2022年01月17日 | パーキンソン病
αシヌクレイン(αS)は,パーキンソン病(PD)におけるレビー小体の構成タンパクであり,かつPDの発症に関与している.しかしその本来の生理機能は不明であった.これまでの研究で,αSは脳の細胞内に多く存在し,神経細胞間の情報伝達の場であるシナプスの機能に重要な役割を果たしていると考えられてきた.しかしシナプスにおける正確な役割は,ほとんど謎に包まれていた.一方,αSが小児の腸管神経系におけるノロウイルス感染によって神経終末より分泌されること(かつ炎症が強ければ強いほど,その分泌量は多かった),マウスの実験で致死的な神経向性ウイルス感染から保護することが報告されていた.さらに食細胞の強力な走化性活性化因子でもあると報告されていた.

今回,Cell Reports誌に米国からの報告で,αSが炎症反応や免疫反応の重要なメディエーターであることが示された.実験では野生型およびαSノックアウトマウスを用いている.まず腹腔内に注入した細菌由来のペプチドグリカンにより惹起した腹膜の炎症が,腹膜を支配する神経細胞からのαS産生を誘発することを確認した(図).具体的には,注入後わずか数時間で,大腸および横隔膜の神経終末がαSを分泌し始めた(その濃度は注射部位に近い横隔膜でより高かった).そしてαSは,Toll-like receptor 4(TLR4)をトリガーとして抗原提示細胞を活性化し,腹腔内免疫後の抗原特異的反応およびT細胞反応の発現を促進した(自然免疫および獲得免疫が活性化させる).つまり神経細胞が供給源となるαSは,腹膜炎の誘発と免疫応答に必要と言える.一方,αSノックアウトマウスでは,これらの反応が限定的で遅かった.さらに注目すべきは,白血球もαSを産生できるが,この系ではほとんど産生していなかったことである.つまり炎症反応を起こしているのは,腸における免疫細胞ではなく神経細胞であった!

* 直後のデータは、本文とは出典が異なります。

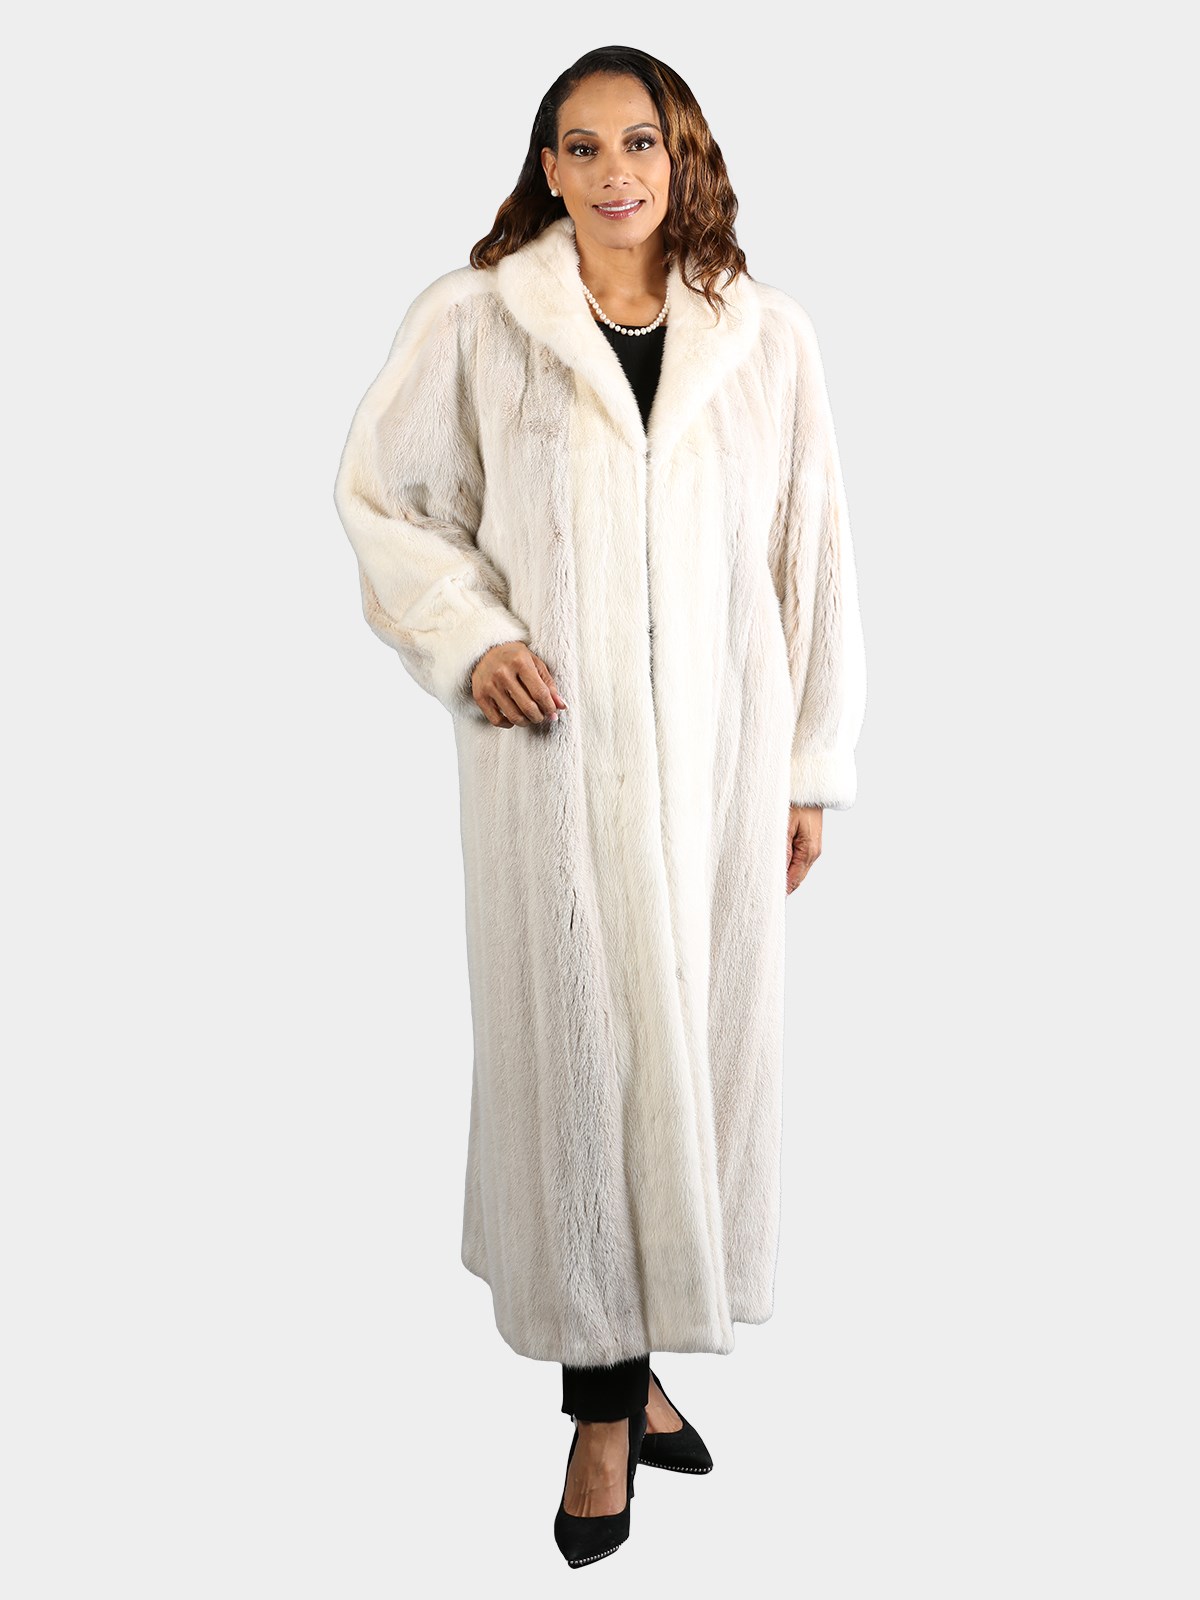 Woman's Blush Mink Fur Coat with Cream Lining

今回の報告は,αSは腸における免疫や炎症反応に不可欠な役割を果たすというだけでなく,著者らはPD患者の神経系内にαSが蓄積するのは,炎症/免疫反応のためであるという仮説を支持するものと考えている(こうなると腹膜炎後の脳の変化が気になるが,本論文ではマウスの脳は検索していない).PDでは以前から感染症に伴い症状が悪化することが言われていたが,単に廃用ではなく,シヌクレイン病理が増悪するのかもしれない.しかしウェブ上の研究者の意見を読んでいると,αSの本来の役割は興味深いが,ミスフォールドしたαSが凝集して新たな毒性を獲得することが本態であるため,αSの生理機能は直接関係はなく,必要な治療法を追求するには無関係であるという意見も認める.確かに正常の機能を果たすαSが,PDを引き起こす病原性をもつαSに変化するメカニズムは最大の関心事である.そうなると,腸の炎症や環境が,αSのコンフォーメーションを変えうるのか今後,検討されるものと思われる.

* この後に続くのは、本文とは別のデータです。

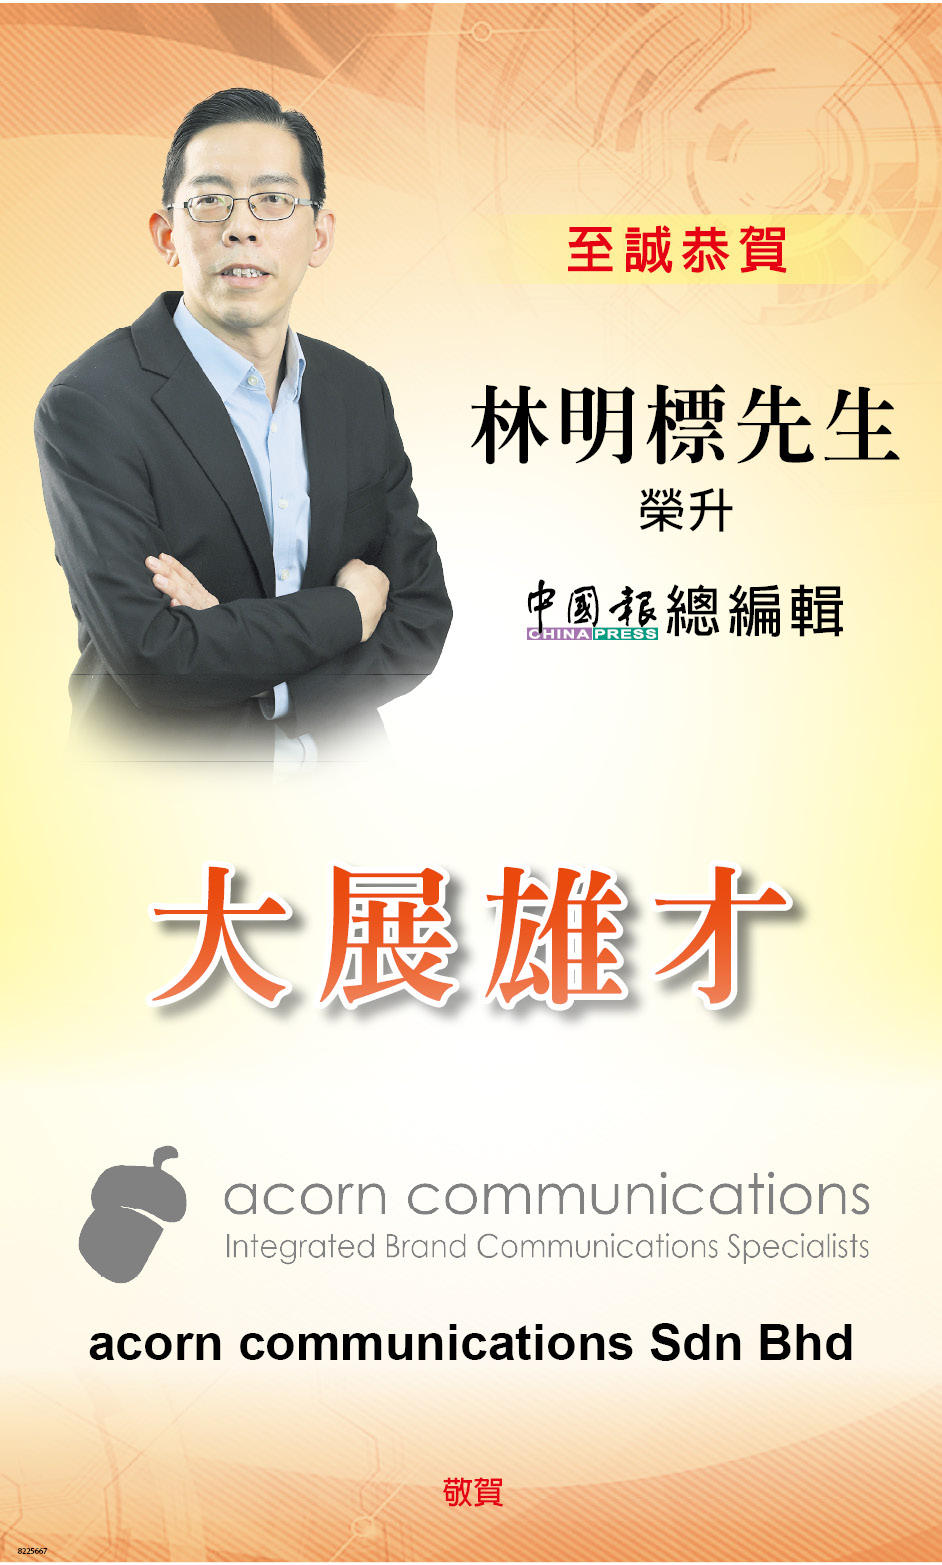 acorn communications Sdn Bhd 全体同仁 恭贺林明标先生 荣升中国报总编辑志庆

最後にこの論文を読み,印象深く思った点を2つ示したい.①調べつくされたと思われるテーマでも,過去の研究を丹念に紡いでいけば新たなアイデアの糸口を見いだせること,②神経変性疾患の病態解明にはやはり神経免疫学的アプローチも必要であることである.

Alam MM, et al. Alpha synuclein, the culprit in Parkinson disease, is required for normal immune function. Cell Rep. 2022 Jan 11;38(2):110090.(doi.org/10.1016/j.celrep.2021.110090)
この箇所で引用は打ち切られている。